BEGIN Stored data

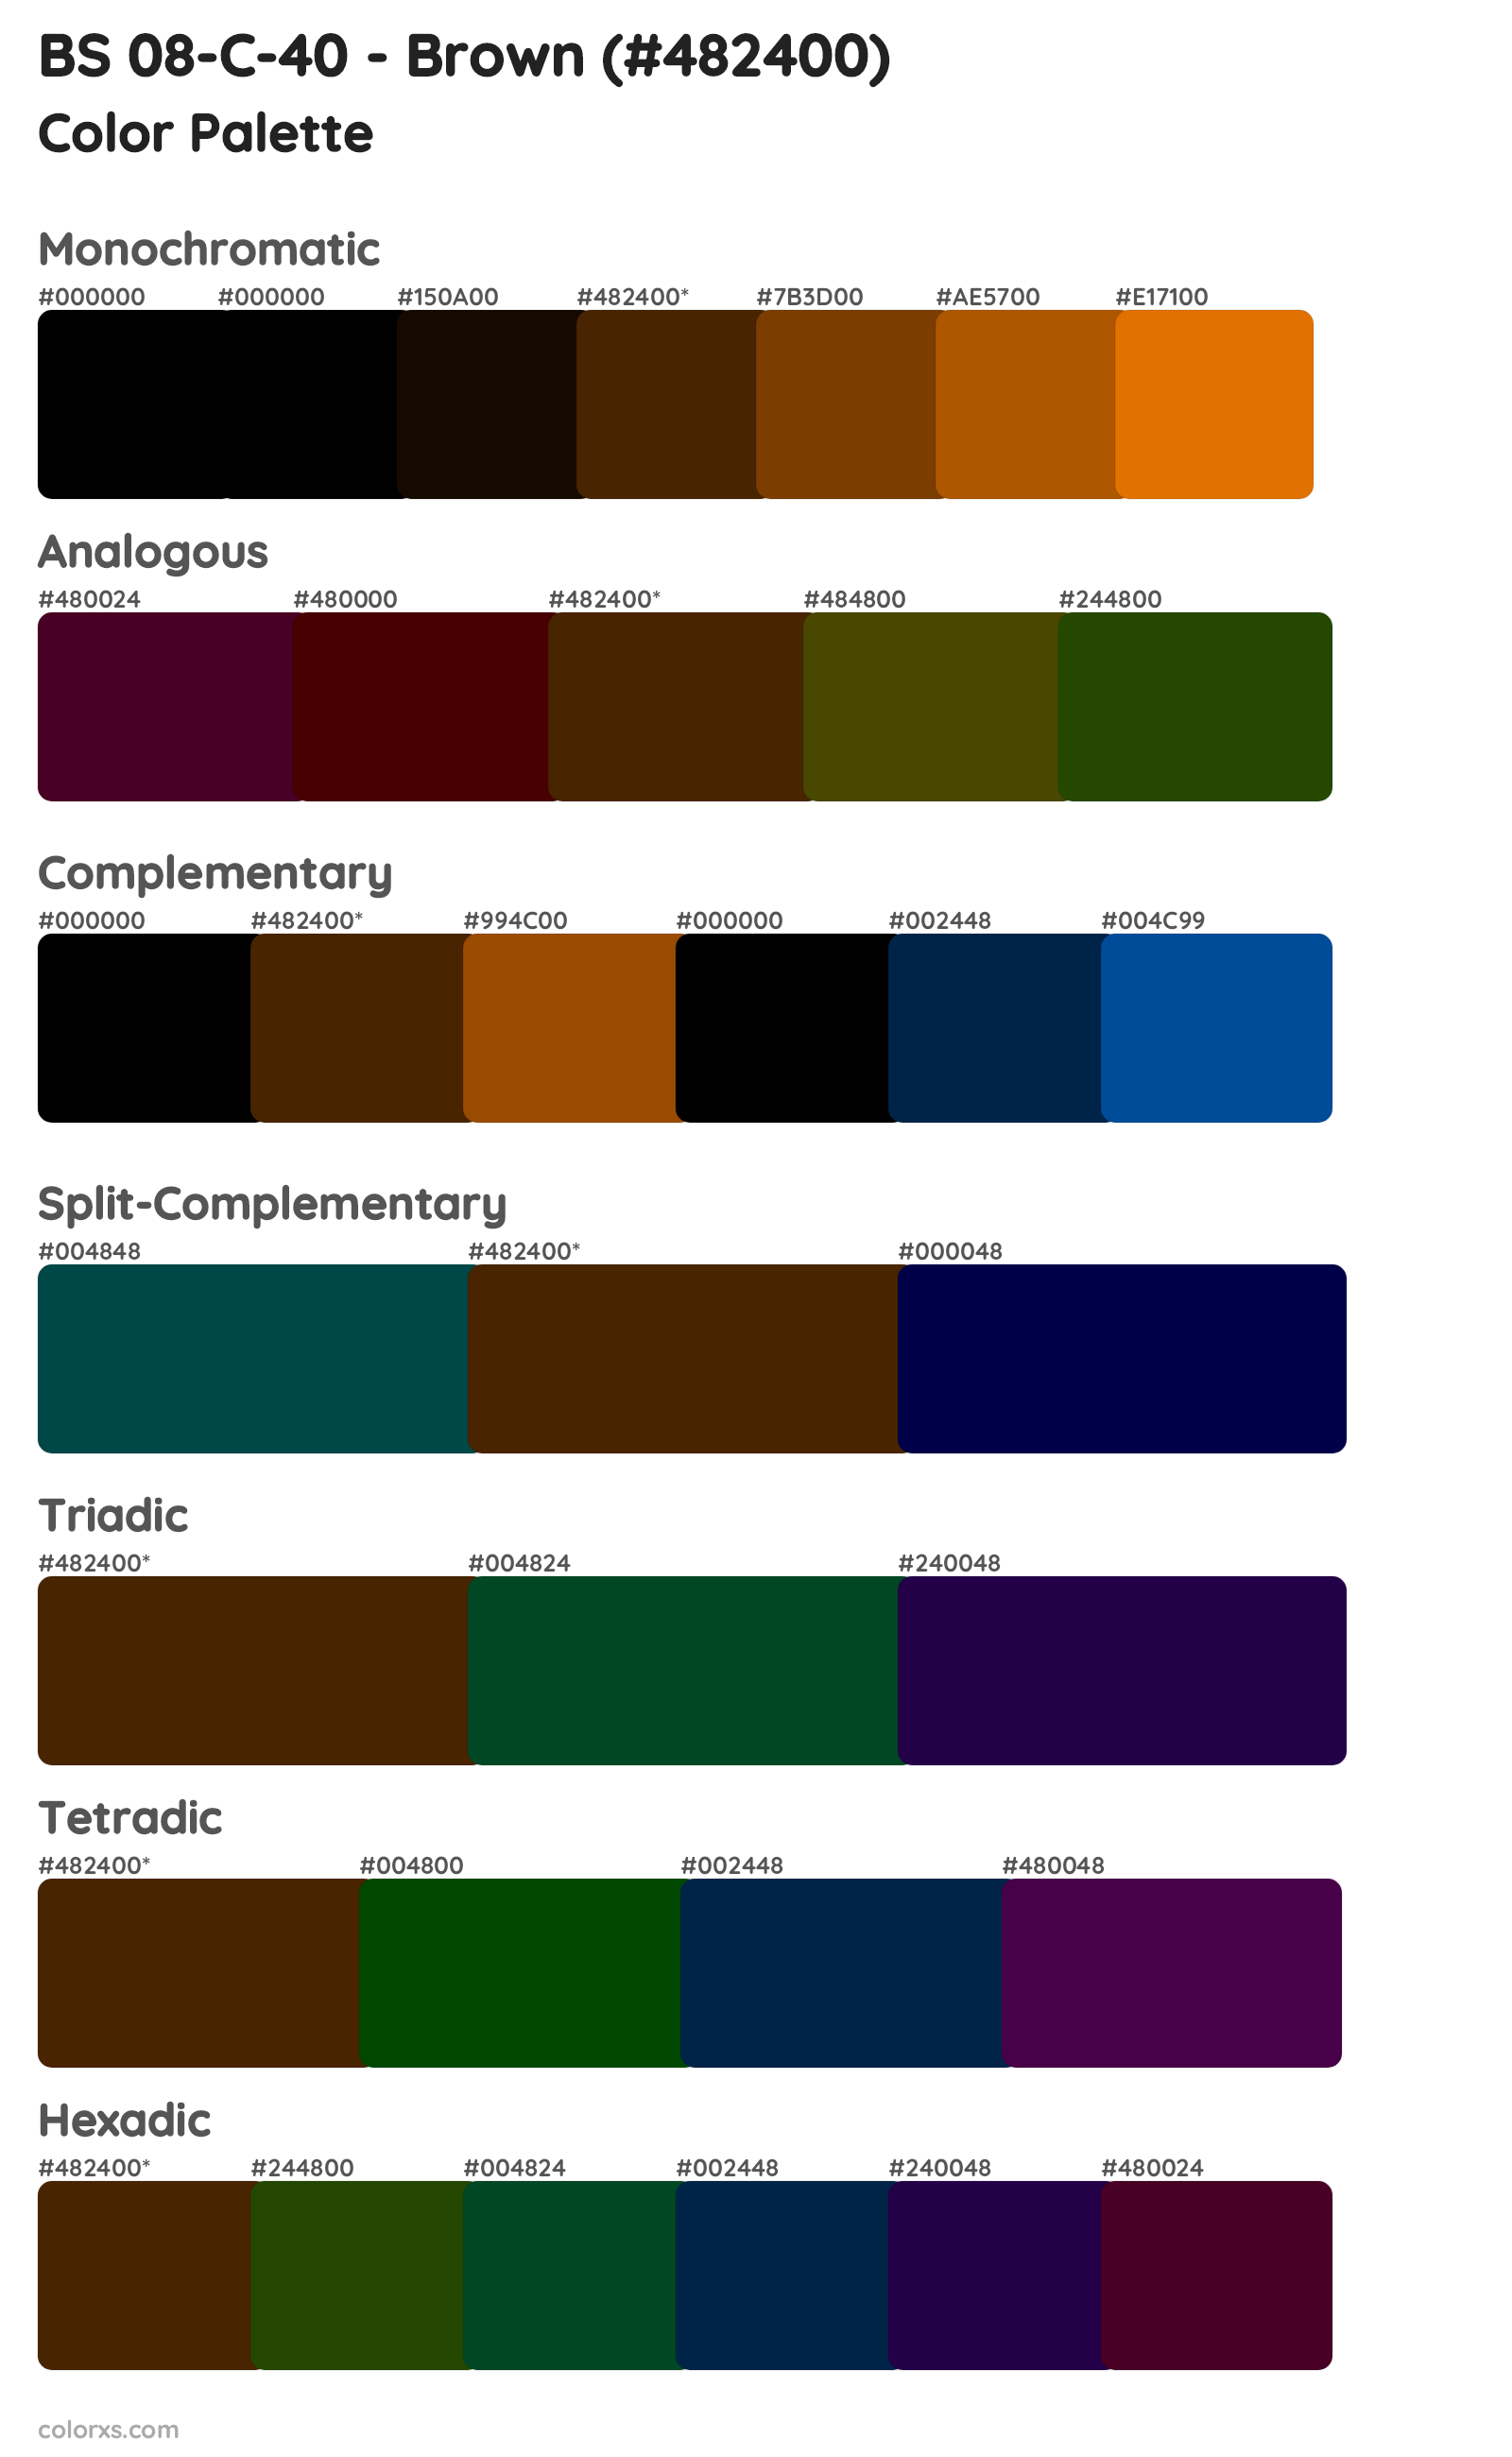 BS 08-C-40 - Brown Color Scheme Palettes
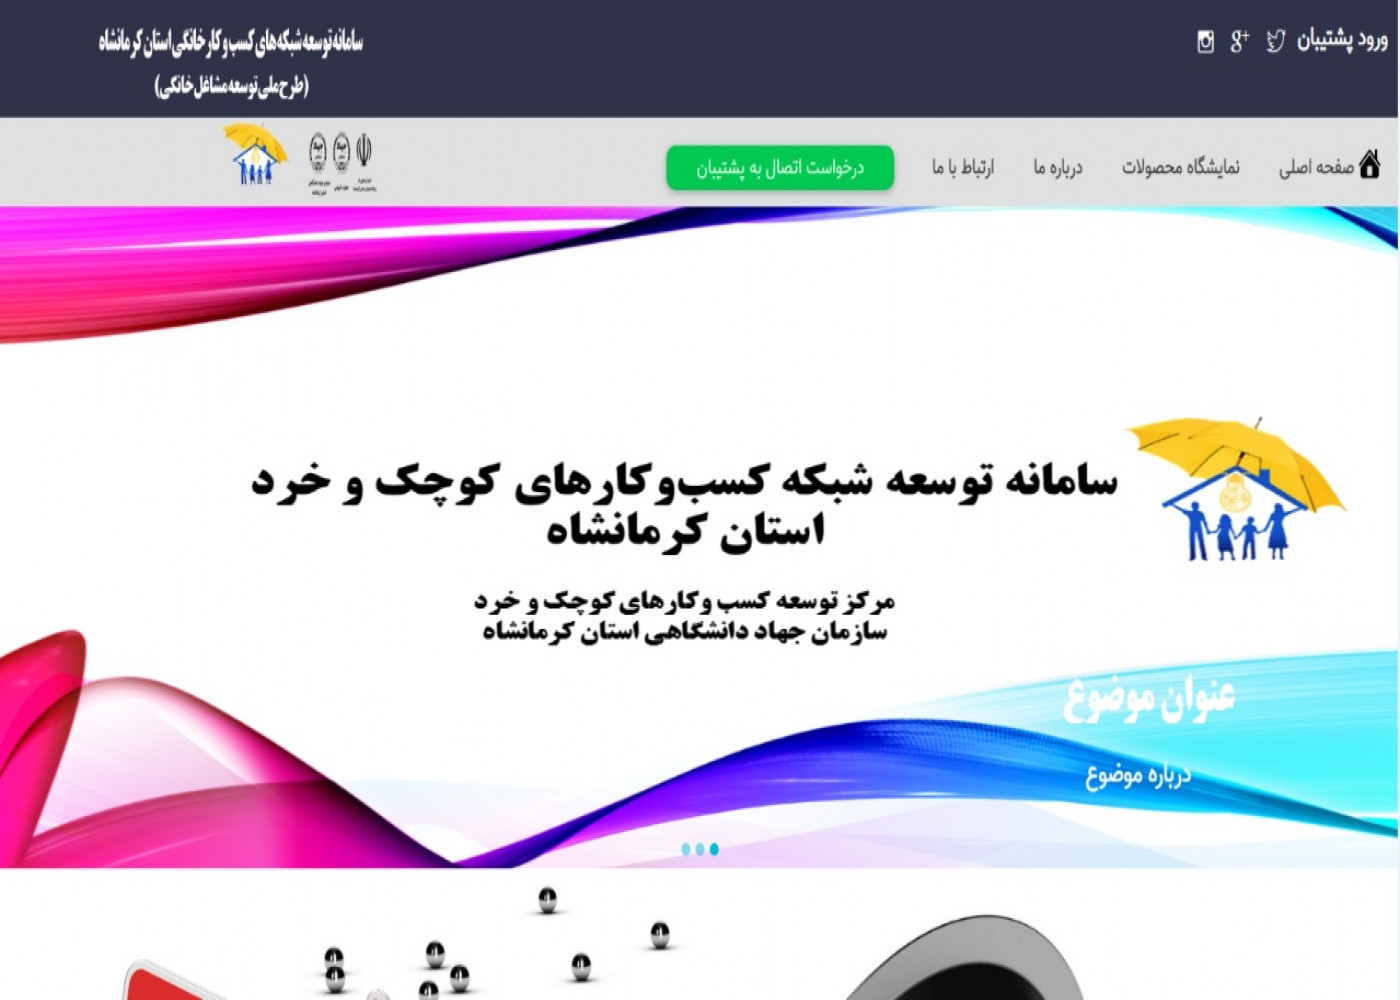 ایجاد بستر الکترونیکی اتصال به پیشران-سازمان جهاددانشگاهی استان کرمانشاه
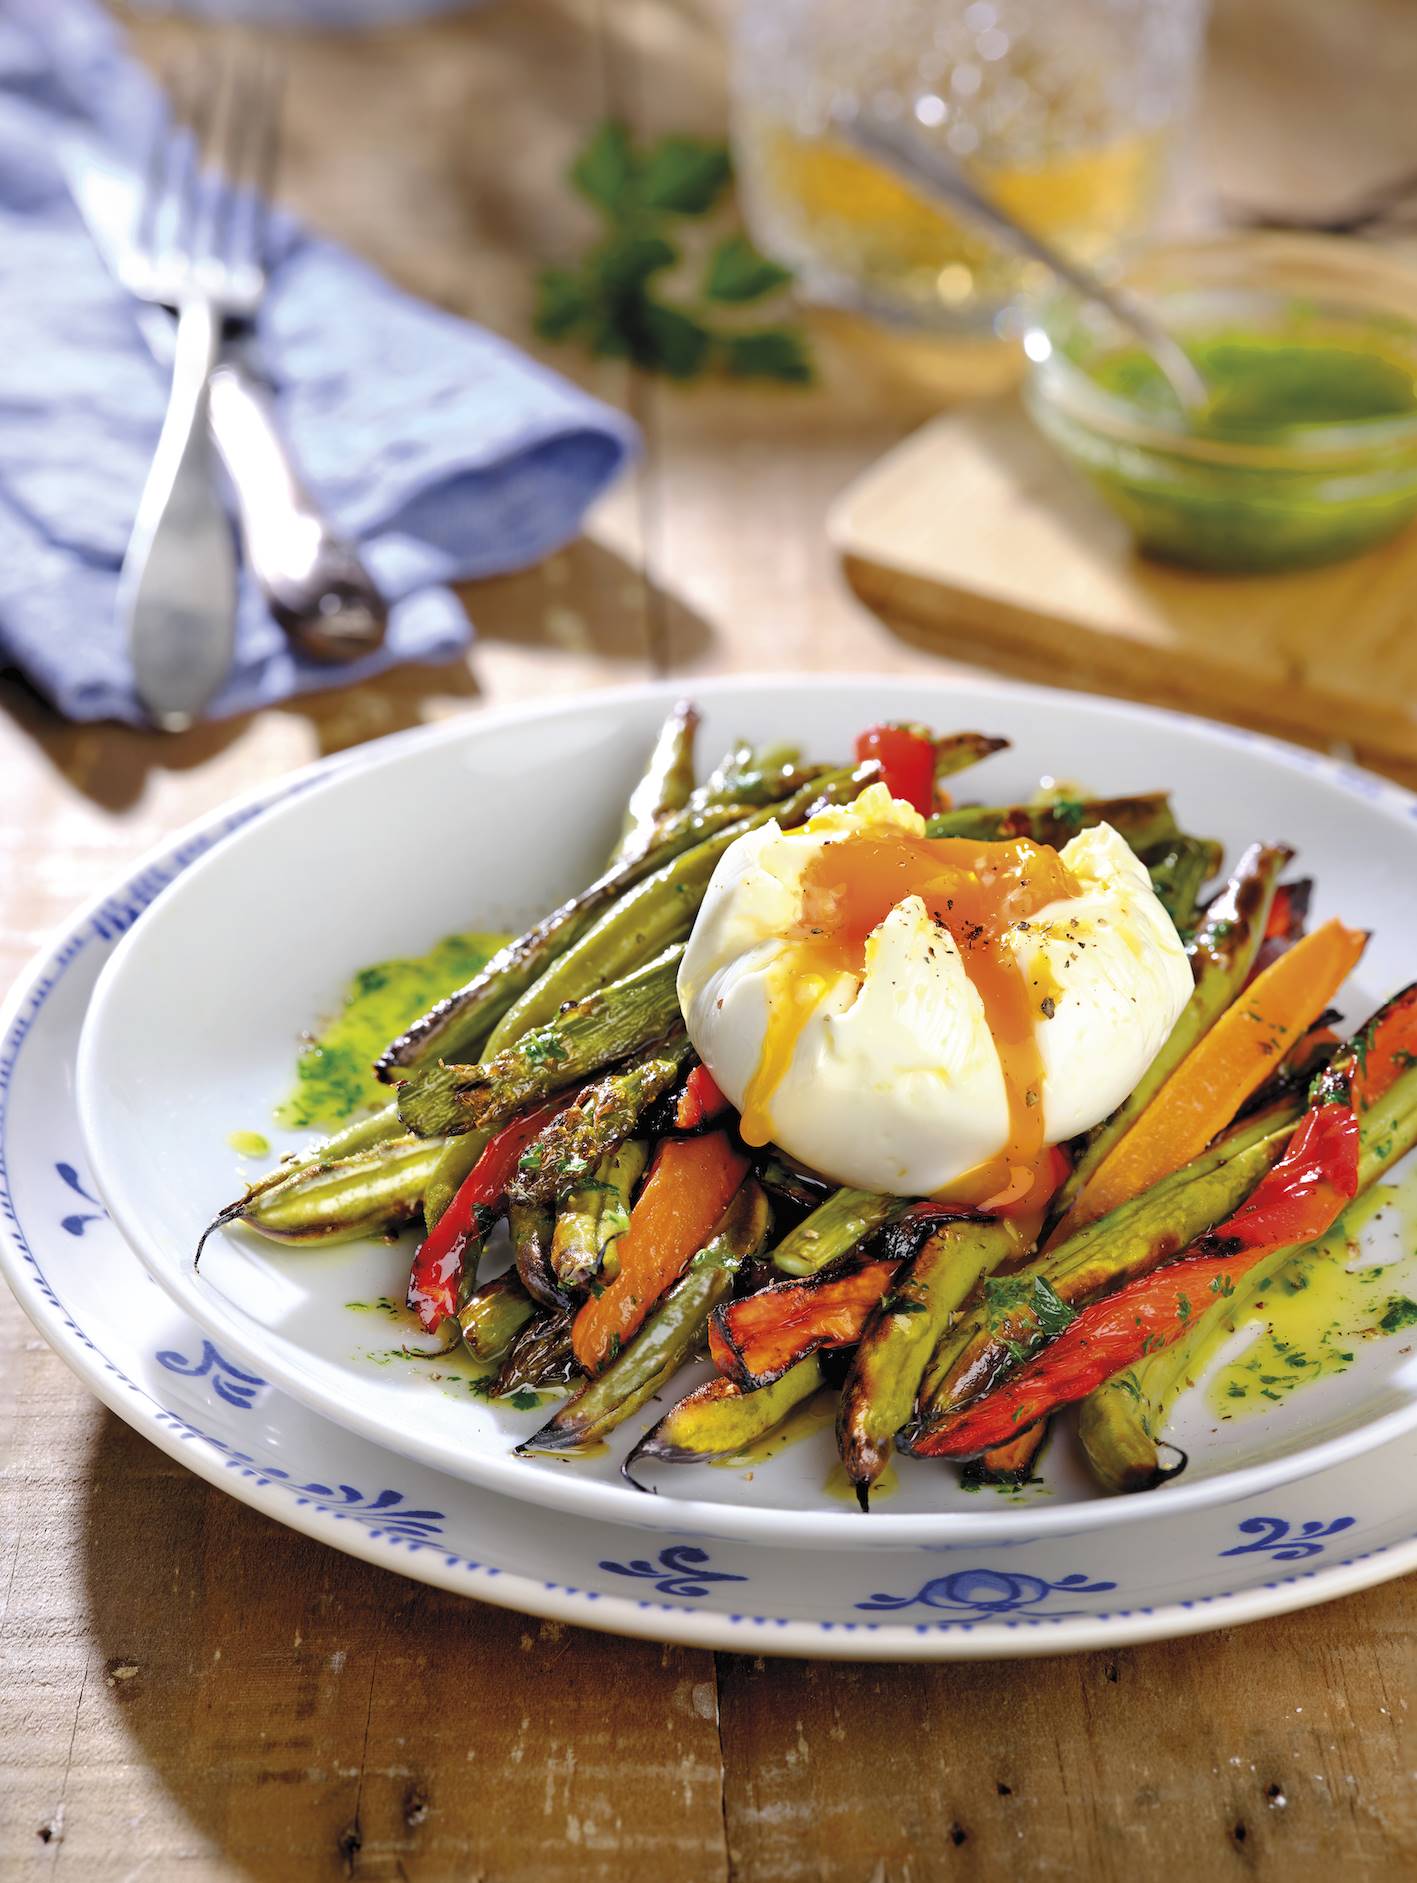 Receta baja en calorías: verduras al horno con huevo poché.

END Stored data

**Try it:** An exact transcript is required, covering the lines from the one containing "ایجاد بستر الکترونیکی" through the end of the listing above, inclusive, without pictures.

**Task result:**
 ایجاد بستر الکترونیکی اتصال به پیشران-سازمان جهاددانشگاهی استان کرمانشاه
 Receta baja en calorías: verduras al horno con huevo poché.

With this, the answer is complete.